Second, the state is able to disavow any direct responsibility for the episode. By doing so, it does not directly enter into a political debate on the merits or demerits of the arguments of its critics, securing itself as a neutral entity and obfuscating the political content of the disappearances. Therefore, by blurring any clear demarcations, the state is able to circumvent a problem that haunted colonial authorities; how to punish critics without turning them into celebrities. The answer is: by trying to make the state absent from the public discourse, and through this absence assert a menacing presence by signalling to activists what silent ignominy awaits them if they do not mend their ways.
It must be insisted that missing persons are political prisoners, because they are being held in captivity for no reason other than the political views they espouse. Apart from narrating the point of view of the abductees, this will demonstrate the increasing level of political repression in the country, which has been made invisible since dissenting voices are today detained either as ‘missing persons’ or as ‘terror suspects’. In both cases, the voice and the humanity of the victims is denied, depriving them of a public hearing and preventing their relatives and sympathisers any public display of mourning. Yet, if we do not count such individuals as political prisoners, then we do not find any notable political prisoner in the country, giving the misleading impression that we are passing through one of the most politically free eras of our history.

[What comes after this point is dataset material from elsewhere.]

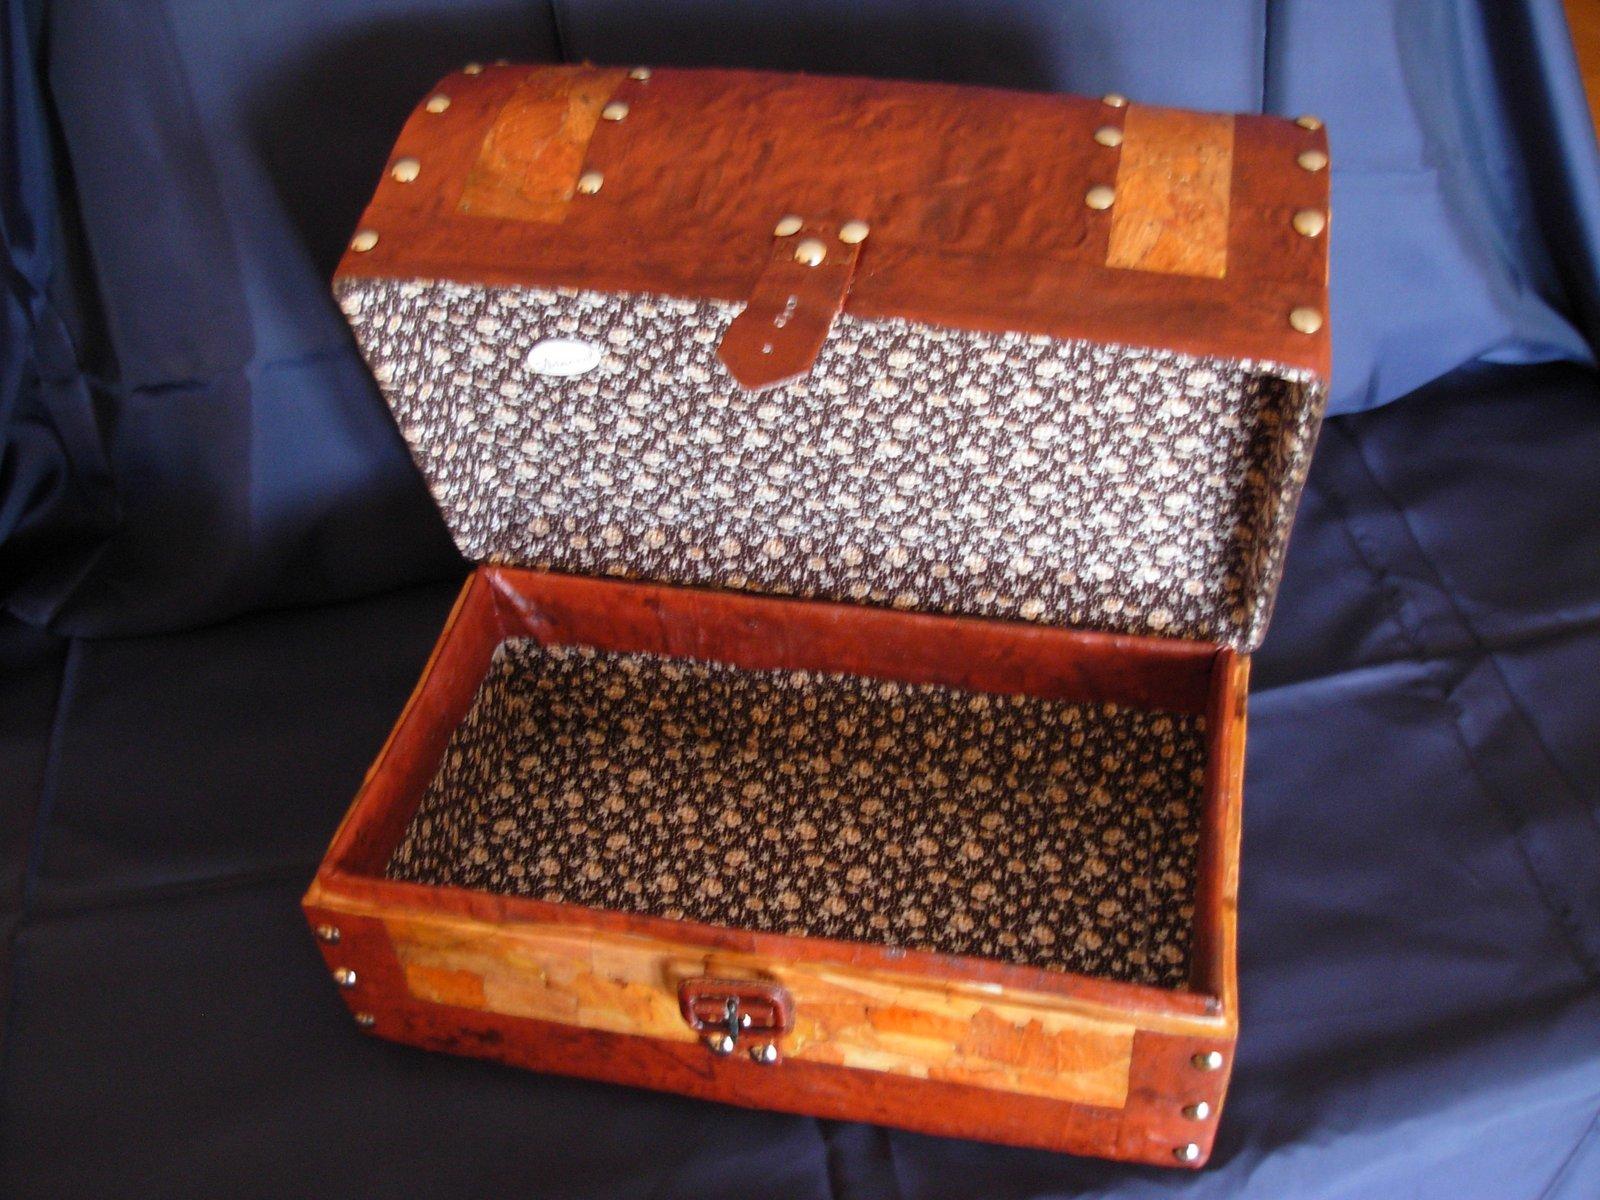 #AC411F material reciclado como es cascara de cebolla y otros materiales 1600x1200 px Banheiros Decorados Com Material Reciclado 1203
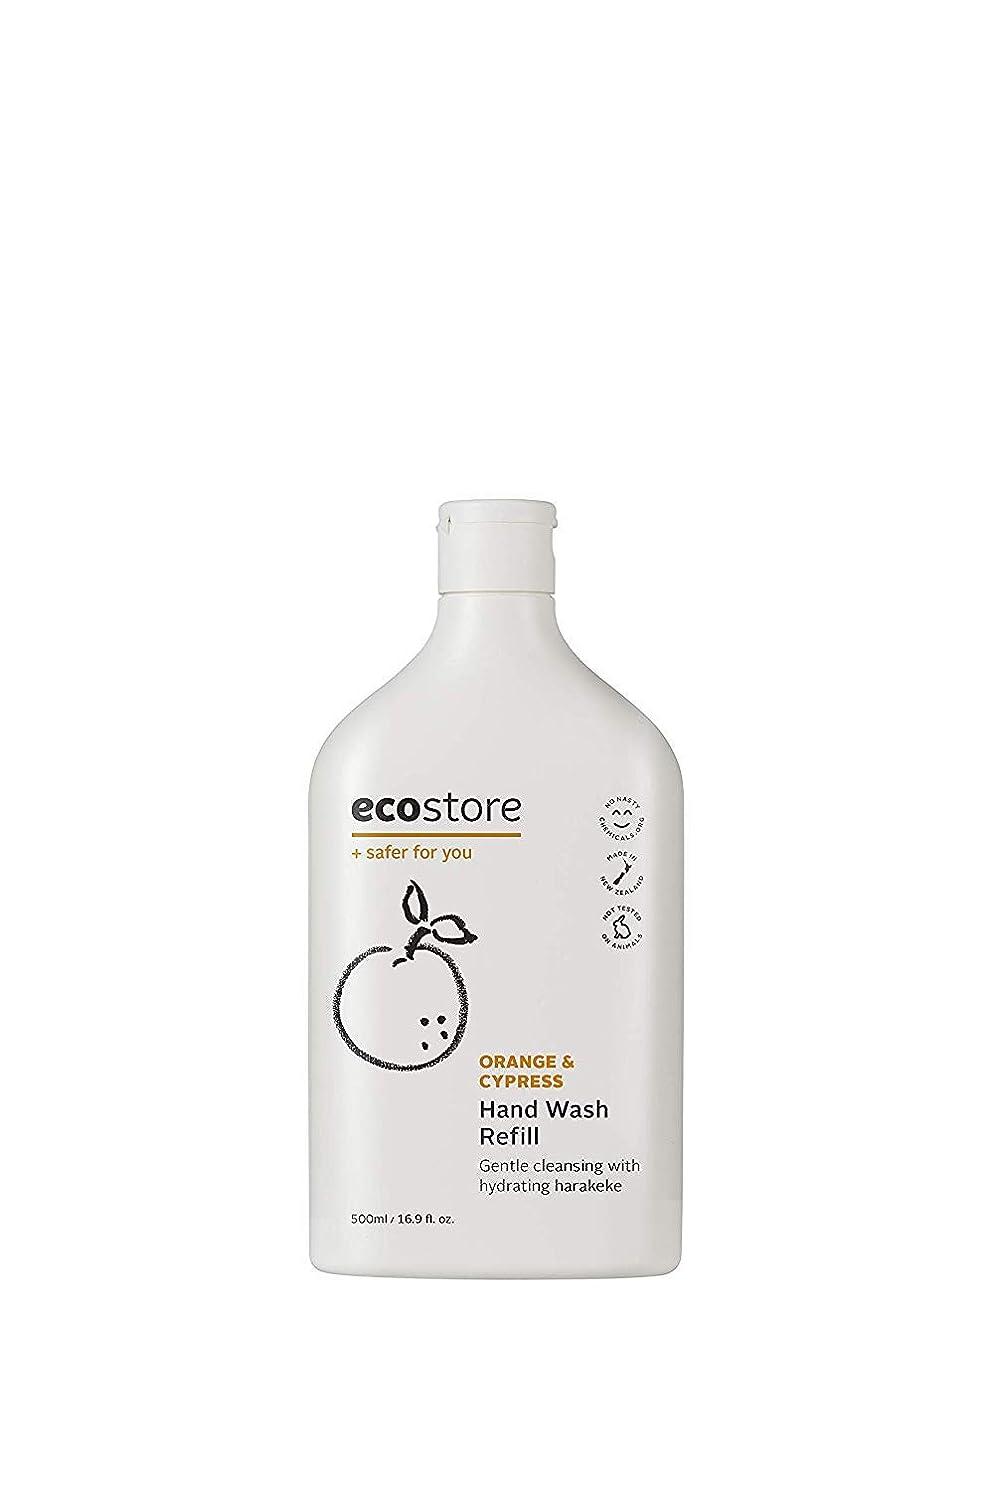 ecostore(エコストア) ハンドウォッシュ 【オレンジ&サイプレス】 500mL 詰め替え用 液体タイプ

This is crucial if we want a transparent process of accountability and a genuinely free public sphere. This will also help develop the necessary intensity for a struggle which goes beyond the realm of enforced disappearances and touches at the heart of power by raising issues around law, freedom of speech and accountability. A progressive political transformation depends upon the inalienable right to dissent, which is under an all-out attack.
Despite the long, dark night of fear and persecution, and in the face of new techniques of control, those fighting for dignity, equality and justice today must remain firm in their support for contemporary political prisoners. They should remember the Persian proverb: “This too shall pass.”
The writer is a doctoral candidate at the University of Cambridge and a lecturer at the Government College University, Lahore.